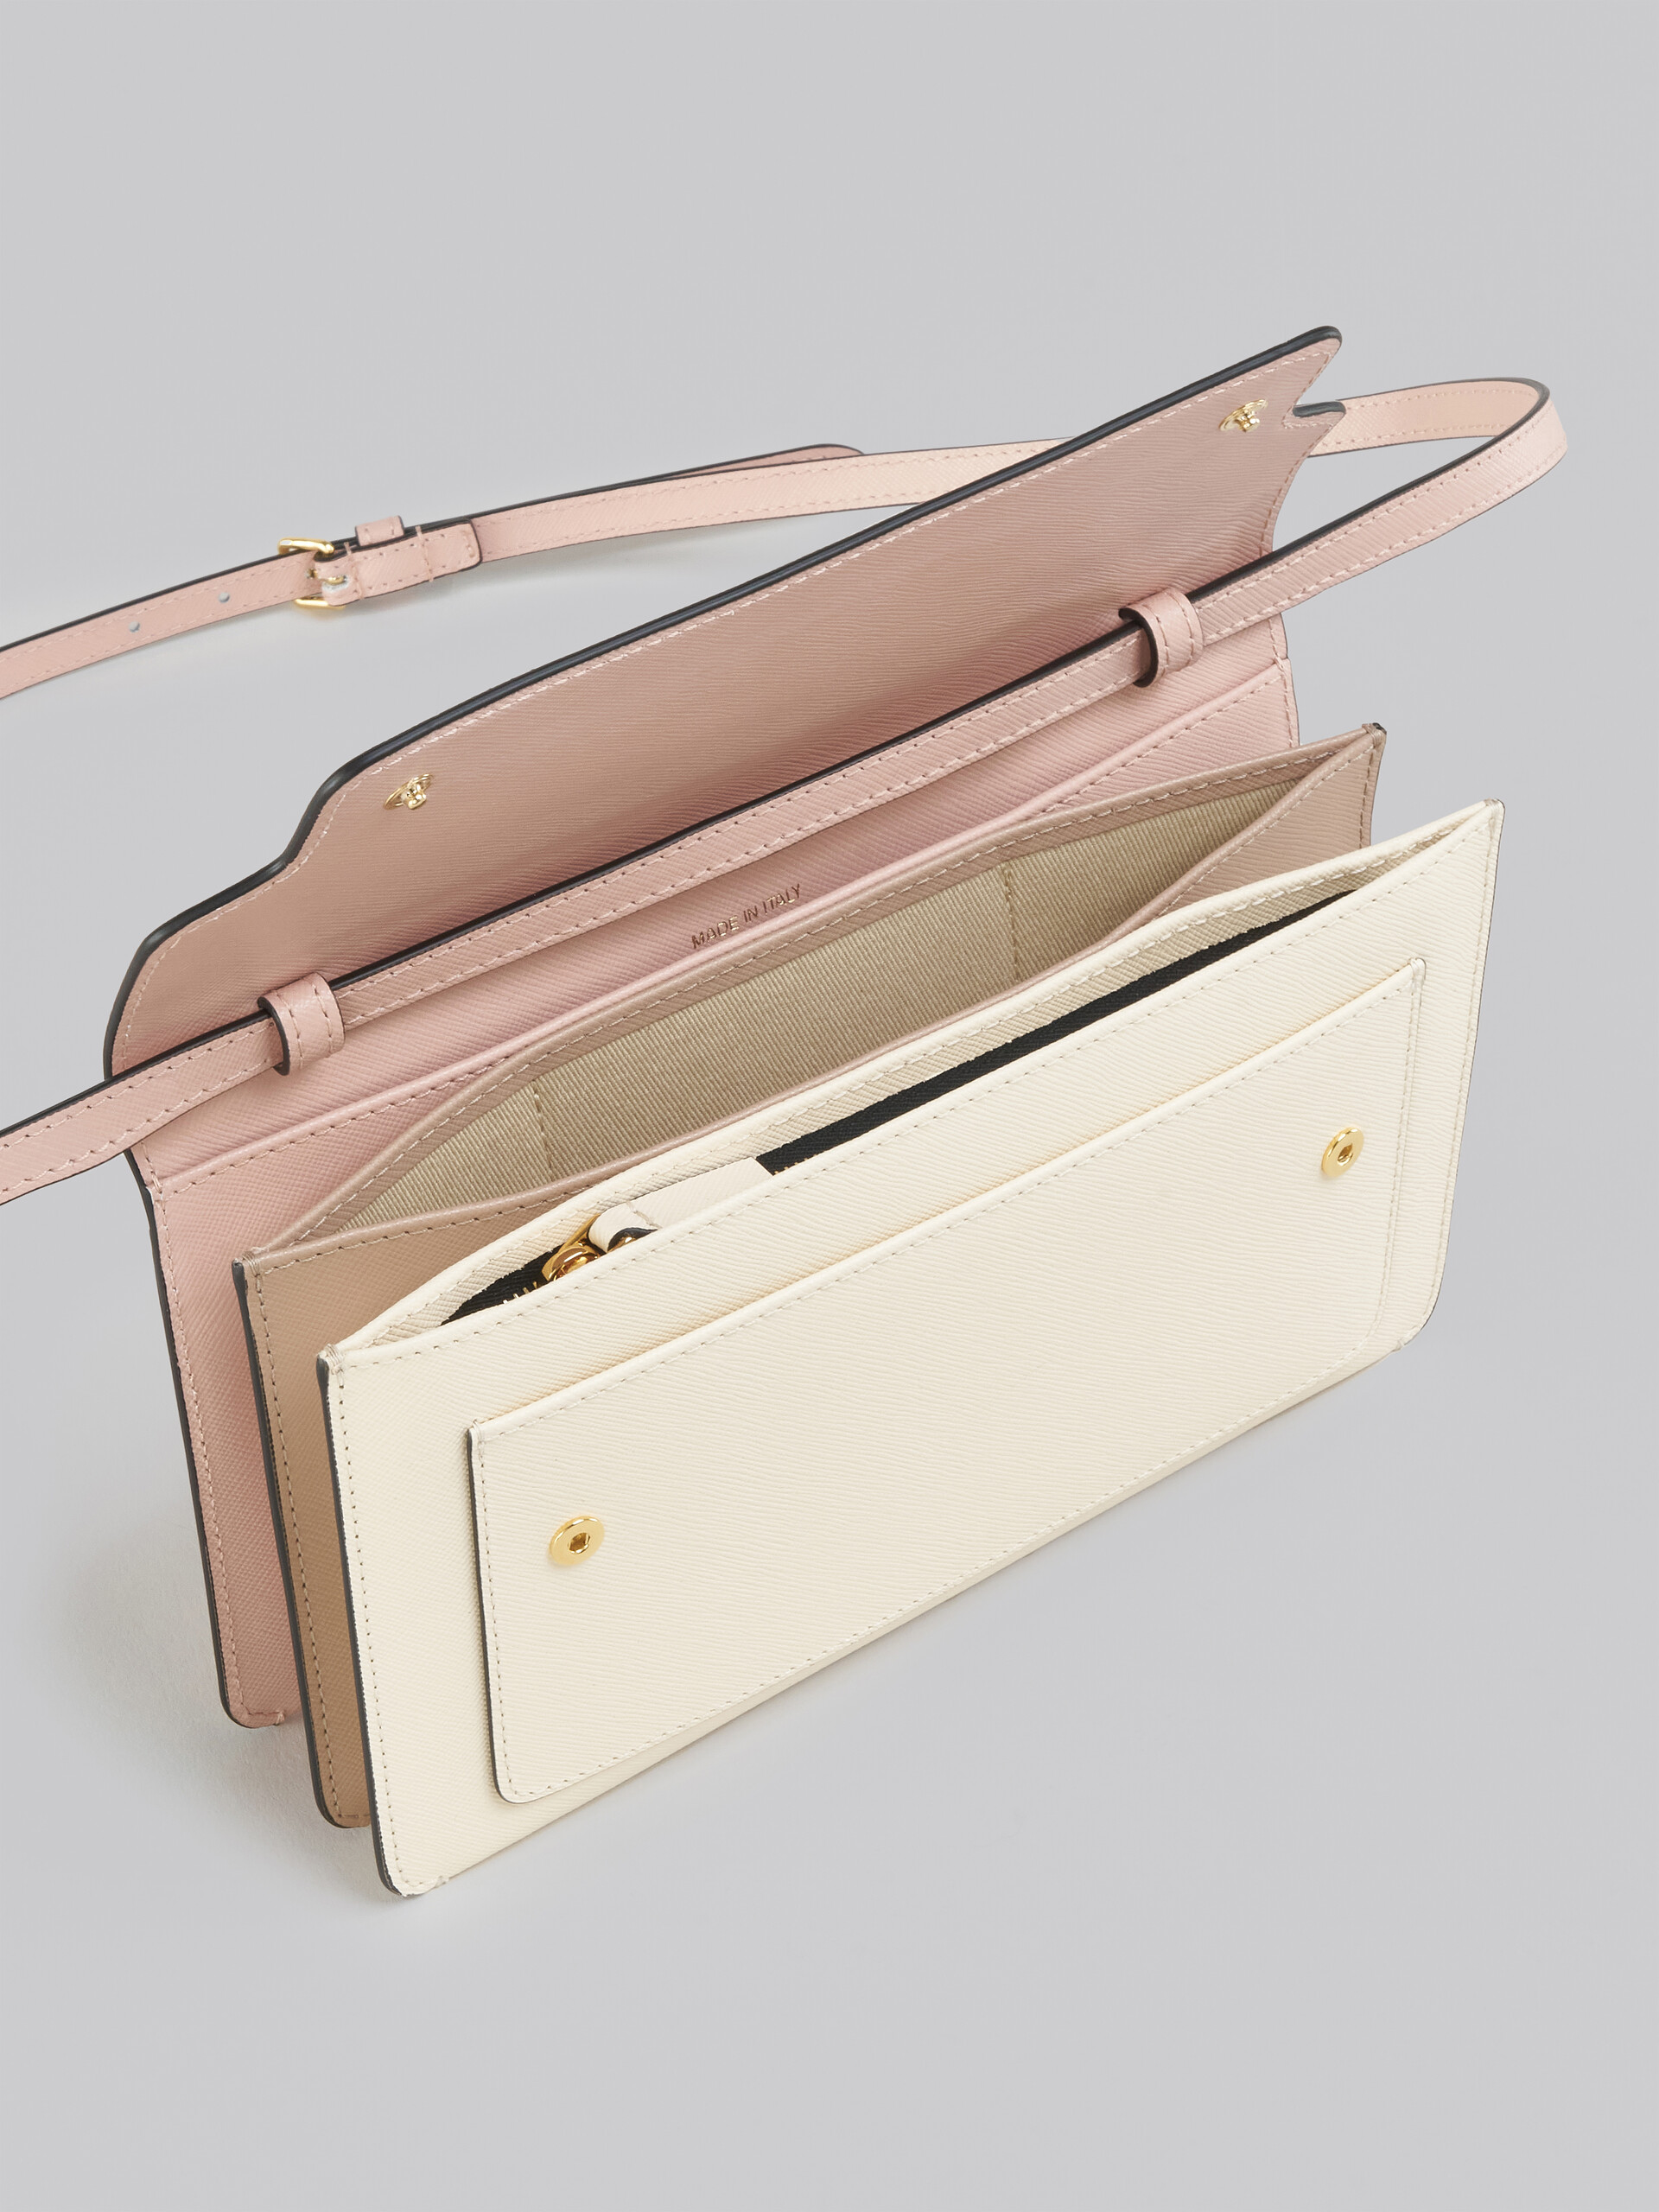 Trunk Clutch in pink white and beige saffiano leather - Pochettes - Image 4
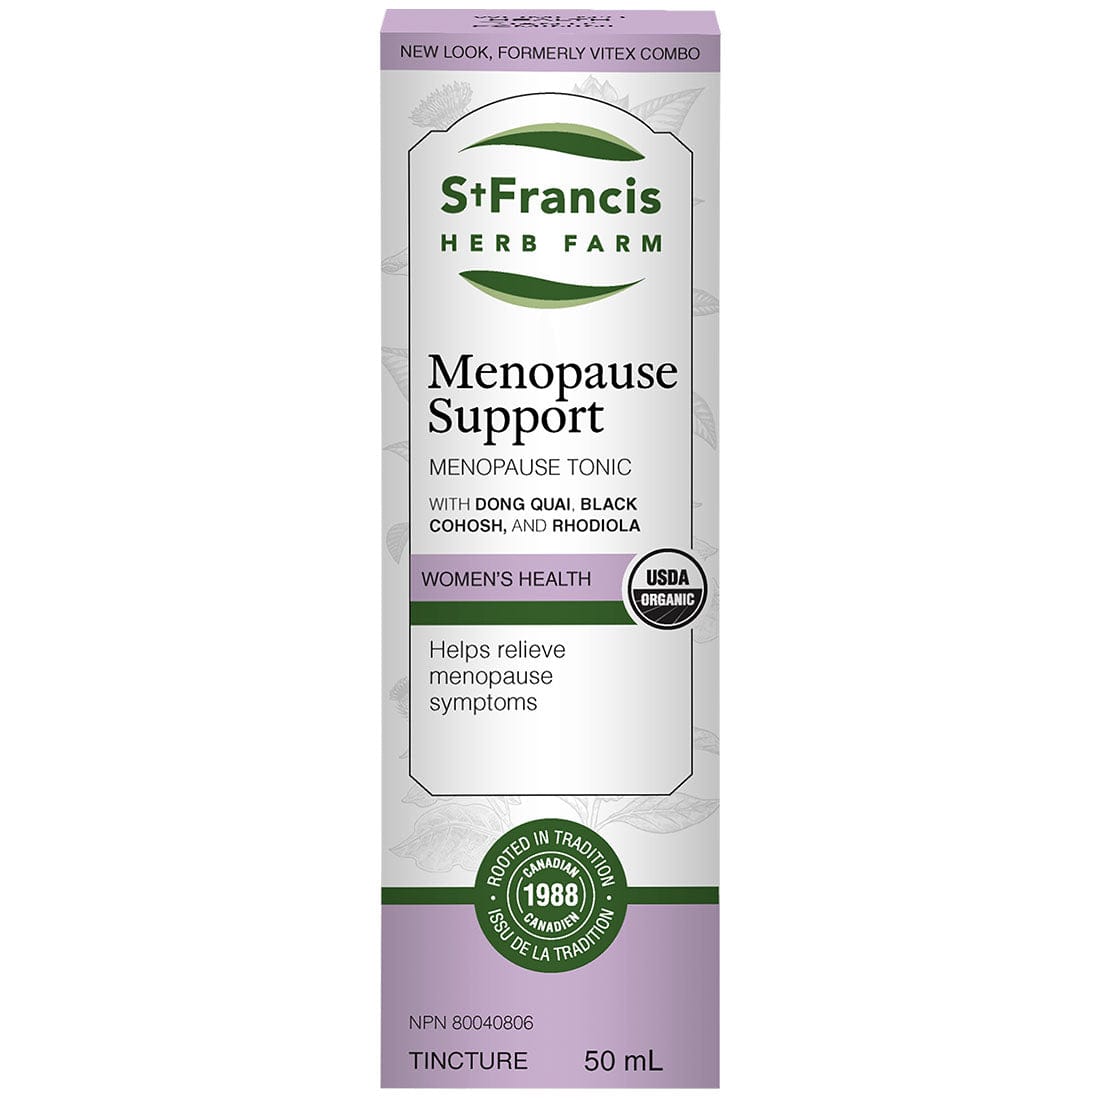 St. Francis Menopause Support (Formerly Vitex Combo - Menopause)
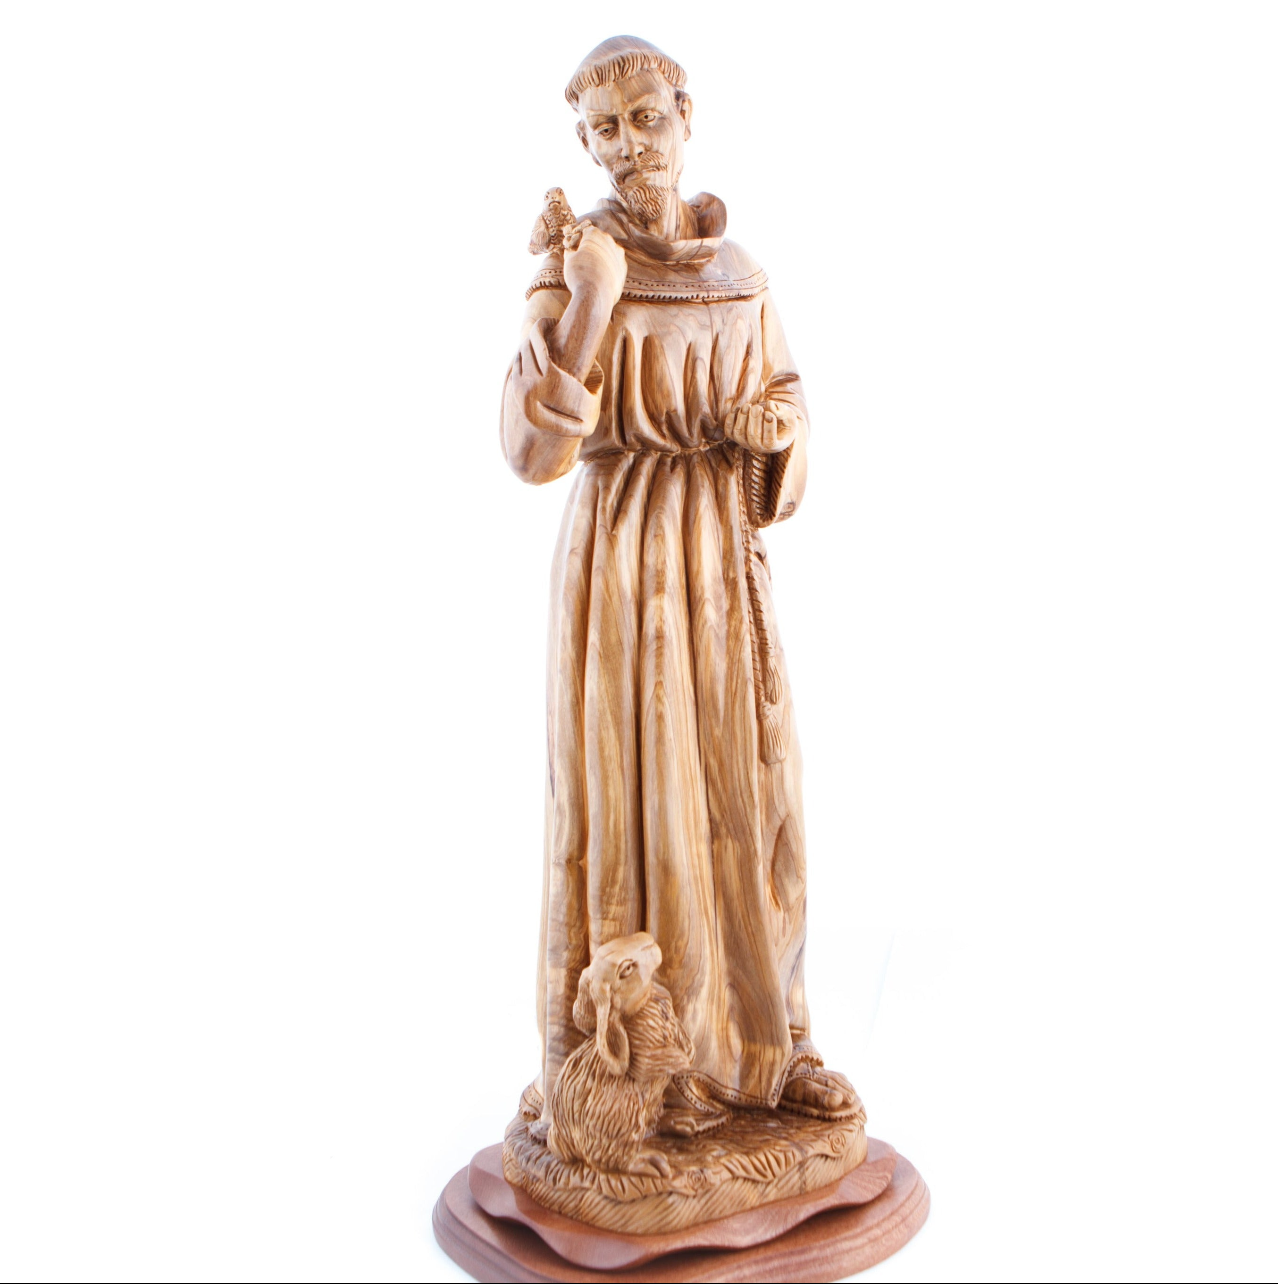 St. Francis of Assisi with Birds and Rabbit, 25 Inched Tall Masterpiece, Olive Wood Hand Sculptured in the Holy Land
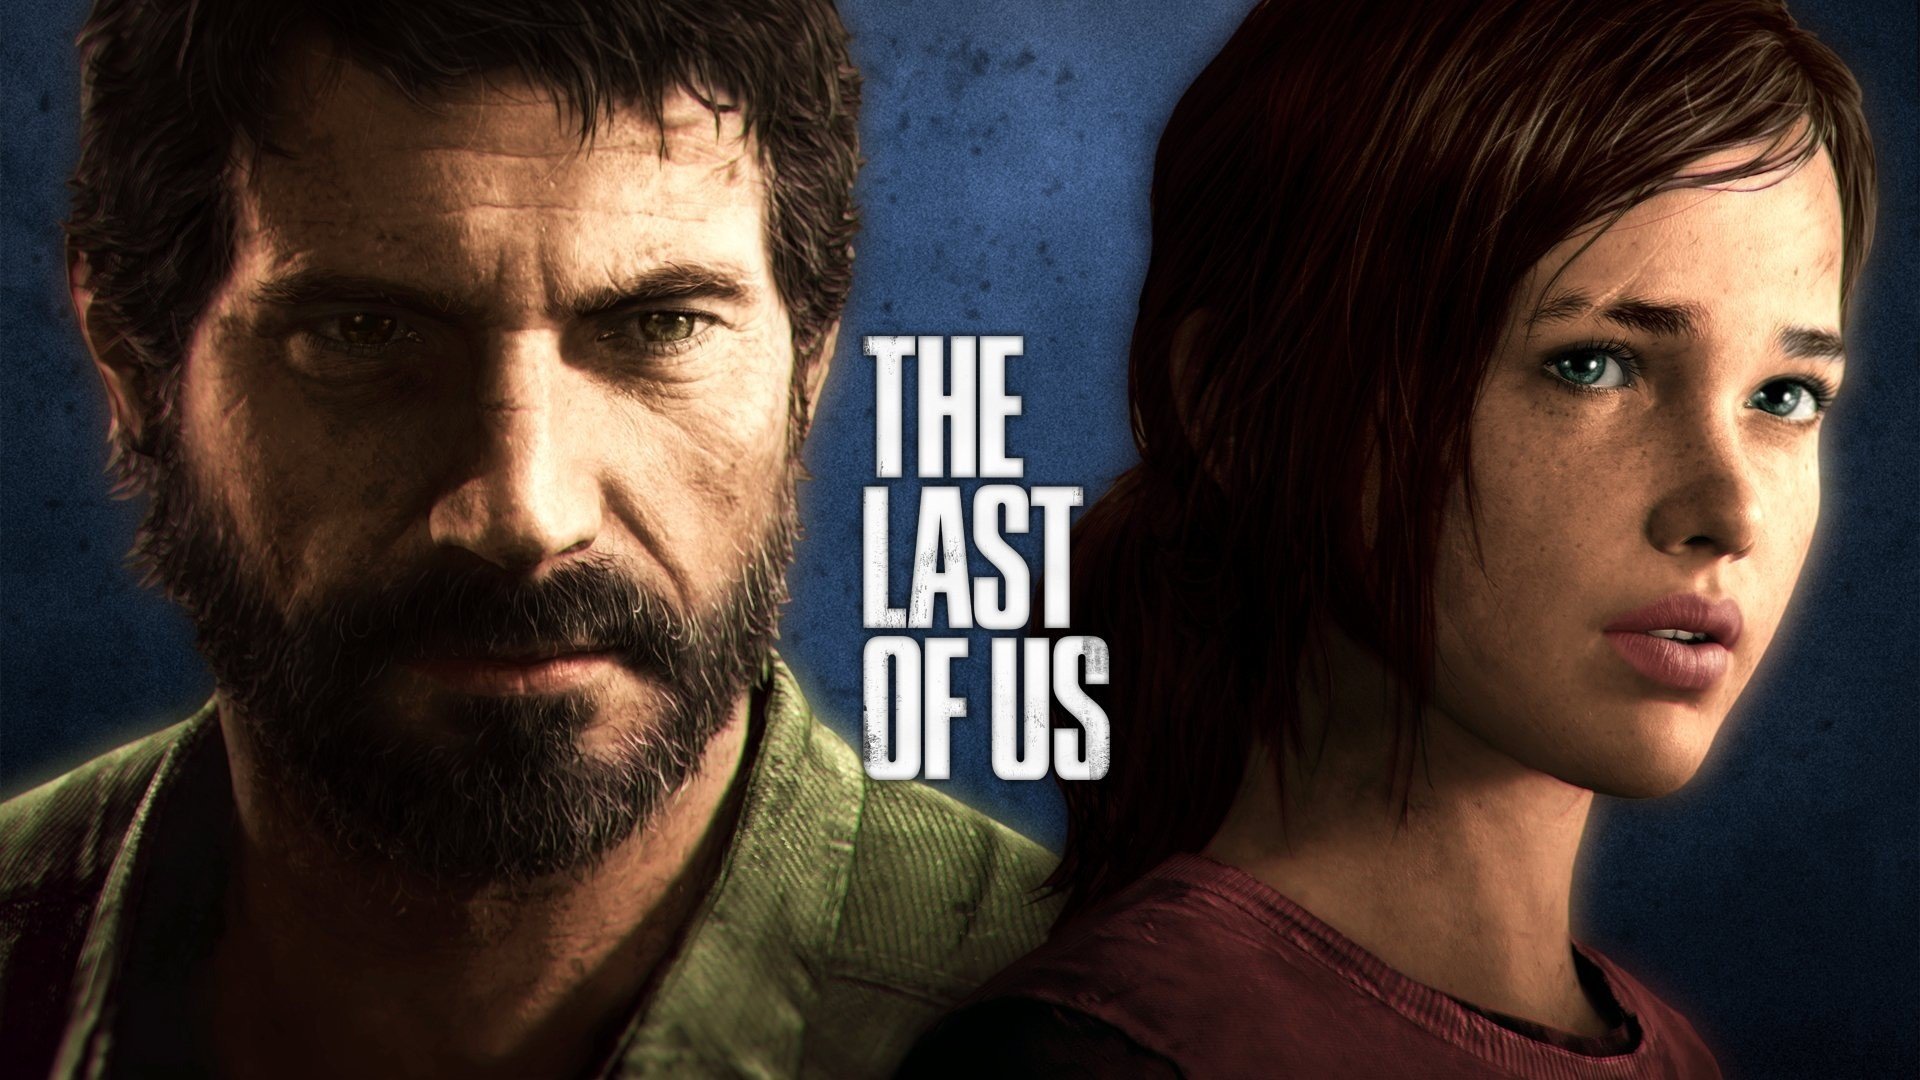 She come the game. The last of us. The last of us 1. The last of us игра.
* * * * * * * * *
> **Task requirements**
The line containing "St. Francis Menopause" marks the end: transcribe every line from the start of the listing up to and including it, minus the pictures.

> **Task result**
 Trunk Clutch in pink white and beige saffiano leather - Pochettes - Image 4
 St. Francis Menopause Support (Formerly Vitex Combo - Menopause)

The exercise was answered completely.